# DIRECTIONS FOR THIS TASK
Reproduce only what runs from the line containing "10K Yellow Gold" to the line containing "Communication in the Classroom essay" in the records below, inclusive. Keep it exact, and keep the pictures out.

# STORED DATA
[Start of section]

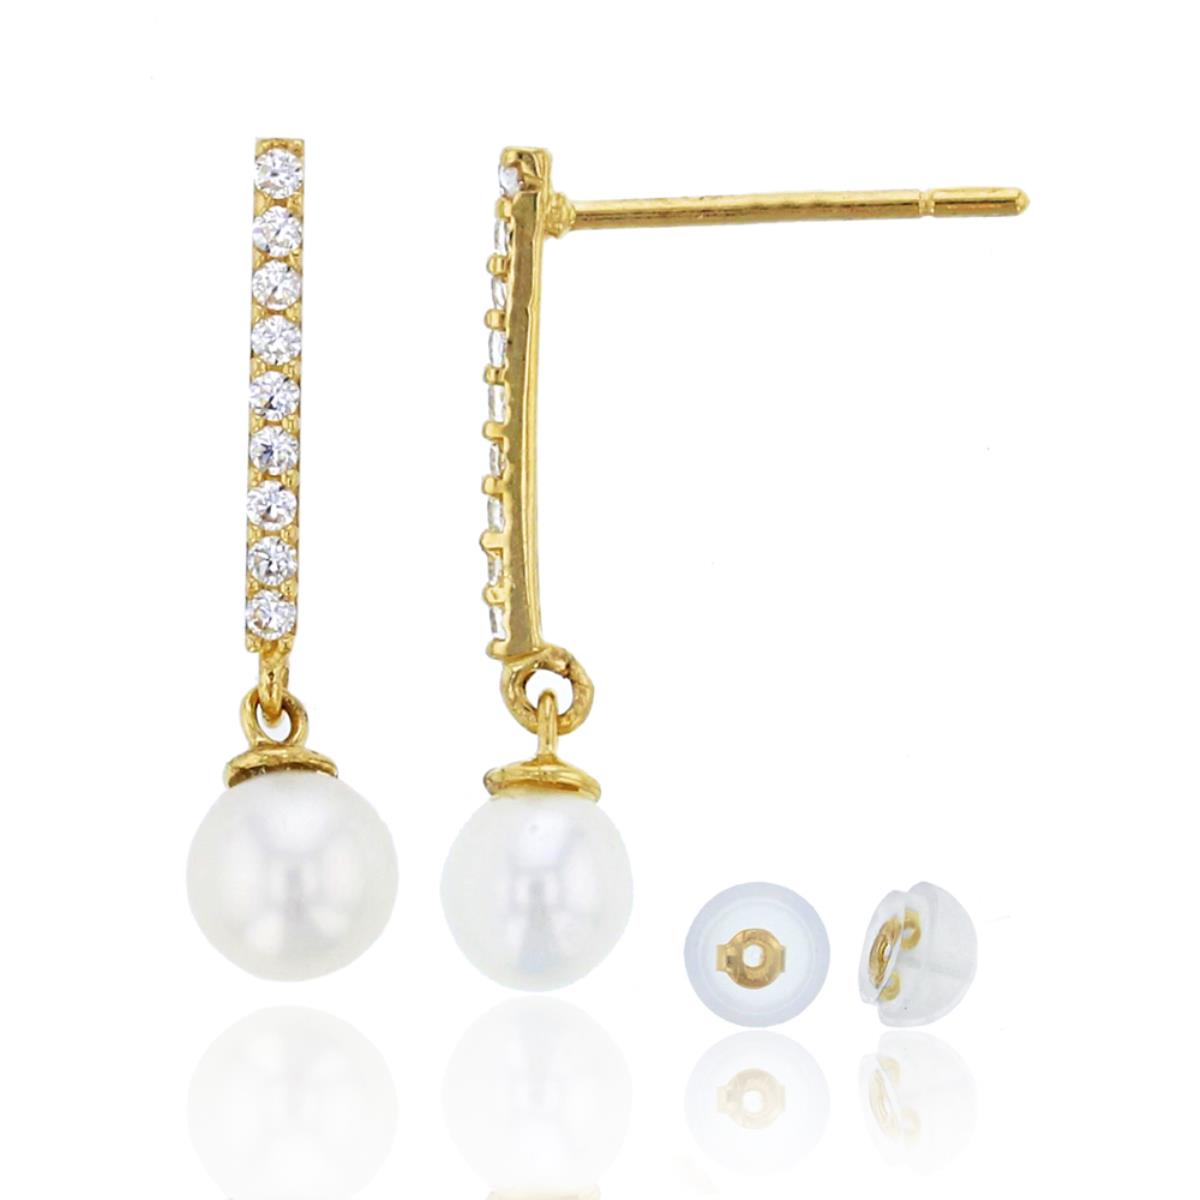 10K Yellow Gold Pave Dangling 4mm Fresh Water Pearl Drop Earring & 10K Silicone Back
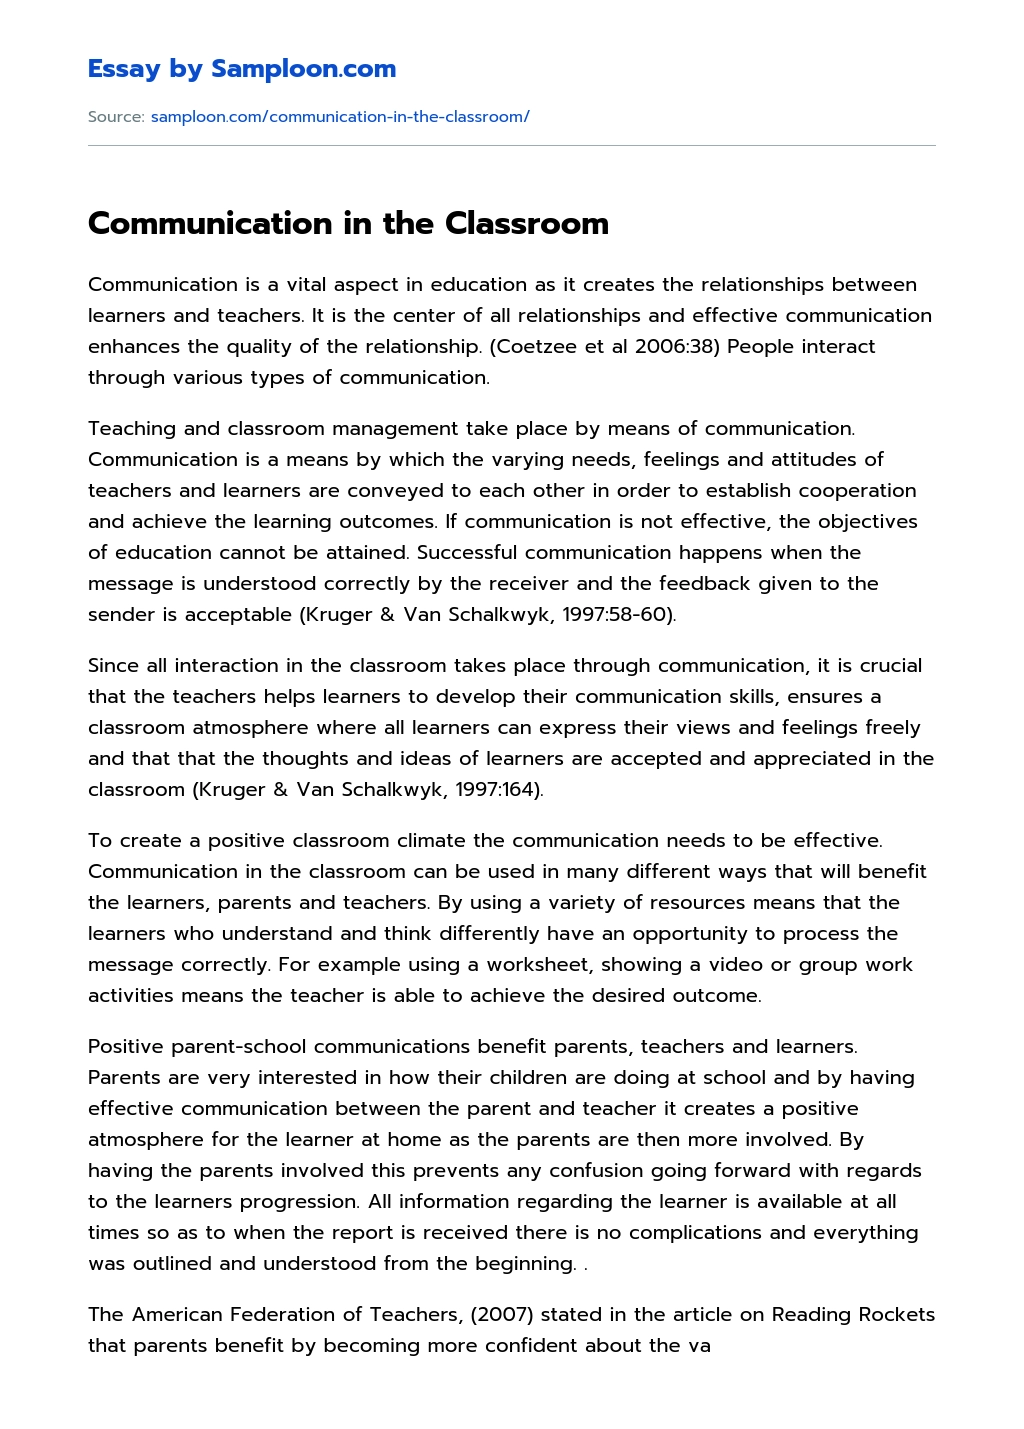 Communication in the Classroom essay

[End of section]
[Start of section]

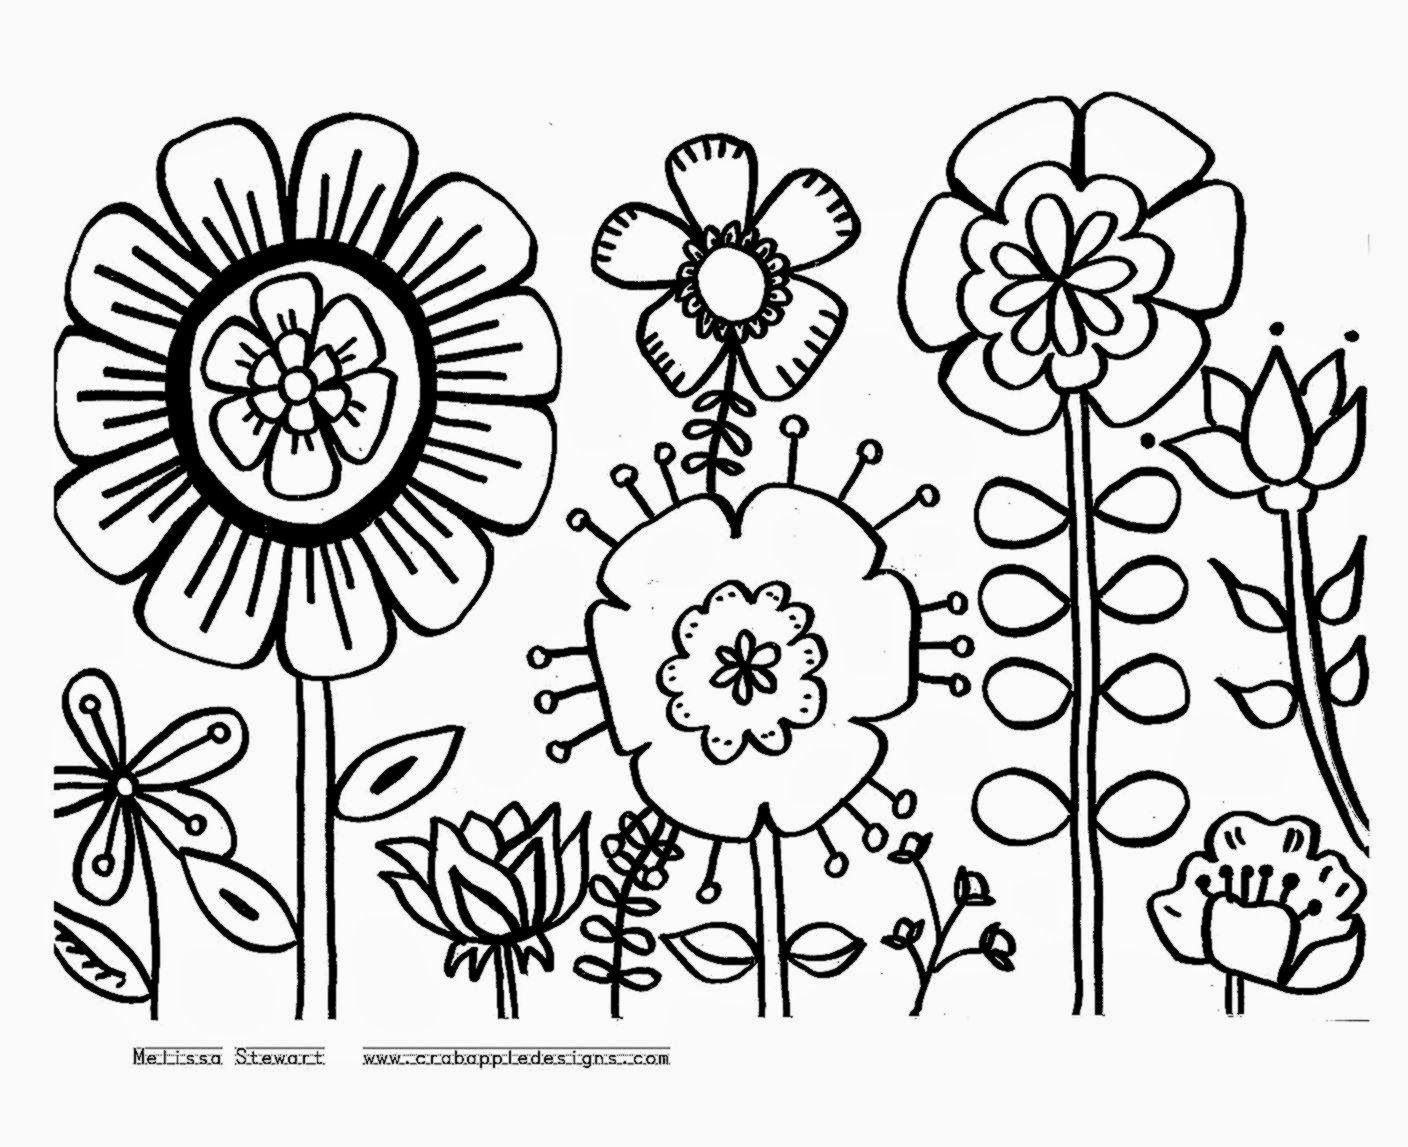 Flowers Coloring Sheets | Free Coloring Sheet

[End of section]

# OUTPUT FOR THIS TASK
 10K Yellow Gold Pave Dangling 4mm Fresh Water Pearl Drop Earring & 10K Silicone Back
 Communication in the Classroom essay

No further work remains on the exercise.